Members of the strictly Orthodox Neturei Karta Jewish sect, who oppose Zionism, attended the rally. In between speeches, some demonstrators burned an Israeli flag.

As well as criticism of Israel’s actions those in attendance also recognised the role played by the UK and Saudi Arabia in perpetuating the ongoing suffering of the Palestinians

One of the speakers, Mick Napier, said: “The Saudi Embassy and the Emirates and Israel are playing footsie under the table, they may formally have not thawed relations but they are united and Saudi Arabia is a partner with Israel in the region. The Israelis are prepared to do the dispossession and the killing while the Saudis are perfectly ready to throw the Palestinians under the bus.”

Al Quds Day, named after the Arabic word for Jerusalem, is an anti-Israel day of protest held around the time of the final Friday of Ramadan, first initiated by Iran’s Ayatollah Khomeini in 1979.

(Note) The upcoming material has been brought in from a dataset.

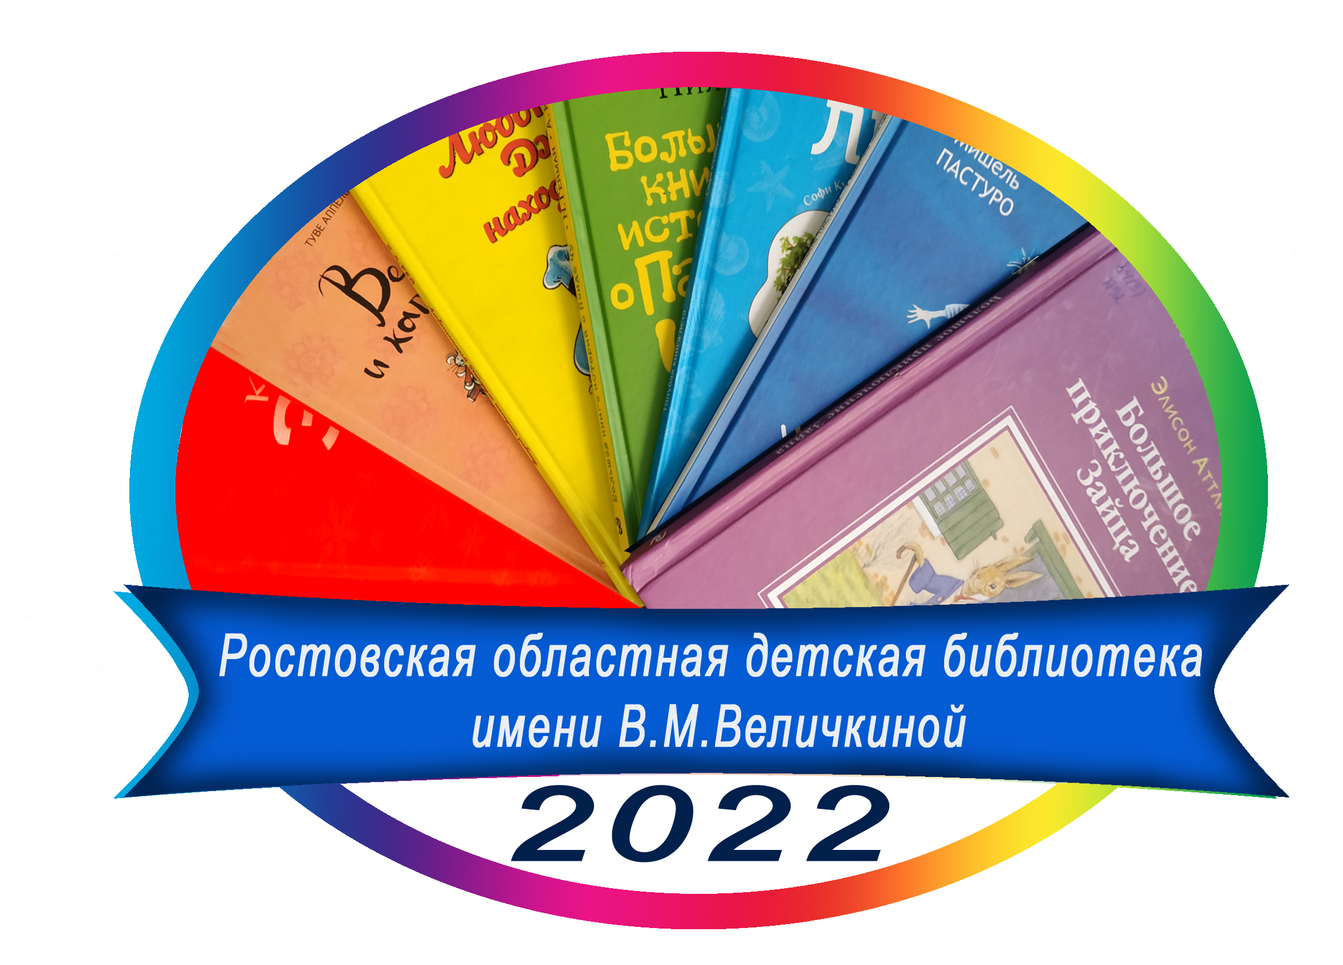  Логотип областного литературно-творческого конкурса «Книжная радуга»

A Zionist counter-demonstration was held in a designated space 100 metres from the Al Quds protest, with police officers maintaining a “neutral zone” between the two.

Supporters of Israel played the country’s national anthem on speakers, as well as Israel’s recent Eurovision-winning entry.

Maajid Nawaz at the Al Quds march

Fiona Sharpe, the co-founder of Sussex Friends of Israel, told the Jewish Chronicle : “It’s important that the Jewish community has a presence here. While we don’t want to curtail anyone’s freedom of speech, we do not want it to become hate speech.

“Flying of the Hezbollah flag crosses the line – Hezbollah being a known terrorist organisation. It’s a threat to us all, not just the Jewish community. We wouldn’t want to see the flying of an Isis flag on the streets of London. I don’t think it’s appropriate to fly the Hezbollah flag.”

As the Al Quds march proceeded towards Downing Street, Zionist activists chanted “Terrorist scum, off our streets”, and “Whose streets? Our streets”.

Earlier in the day, members of a group of far-right football fans were cleared from the area after attempting to enter the zone in which pro-Palestinian demonstrators had congregated.

Banners reading “Make Britain Great Again” were displayed by far right nationalists. Behind a wall of police they goaded demonstrators, calling them “terrorist scum”.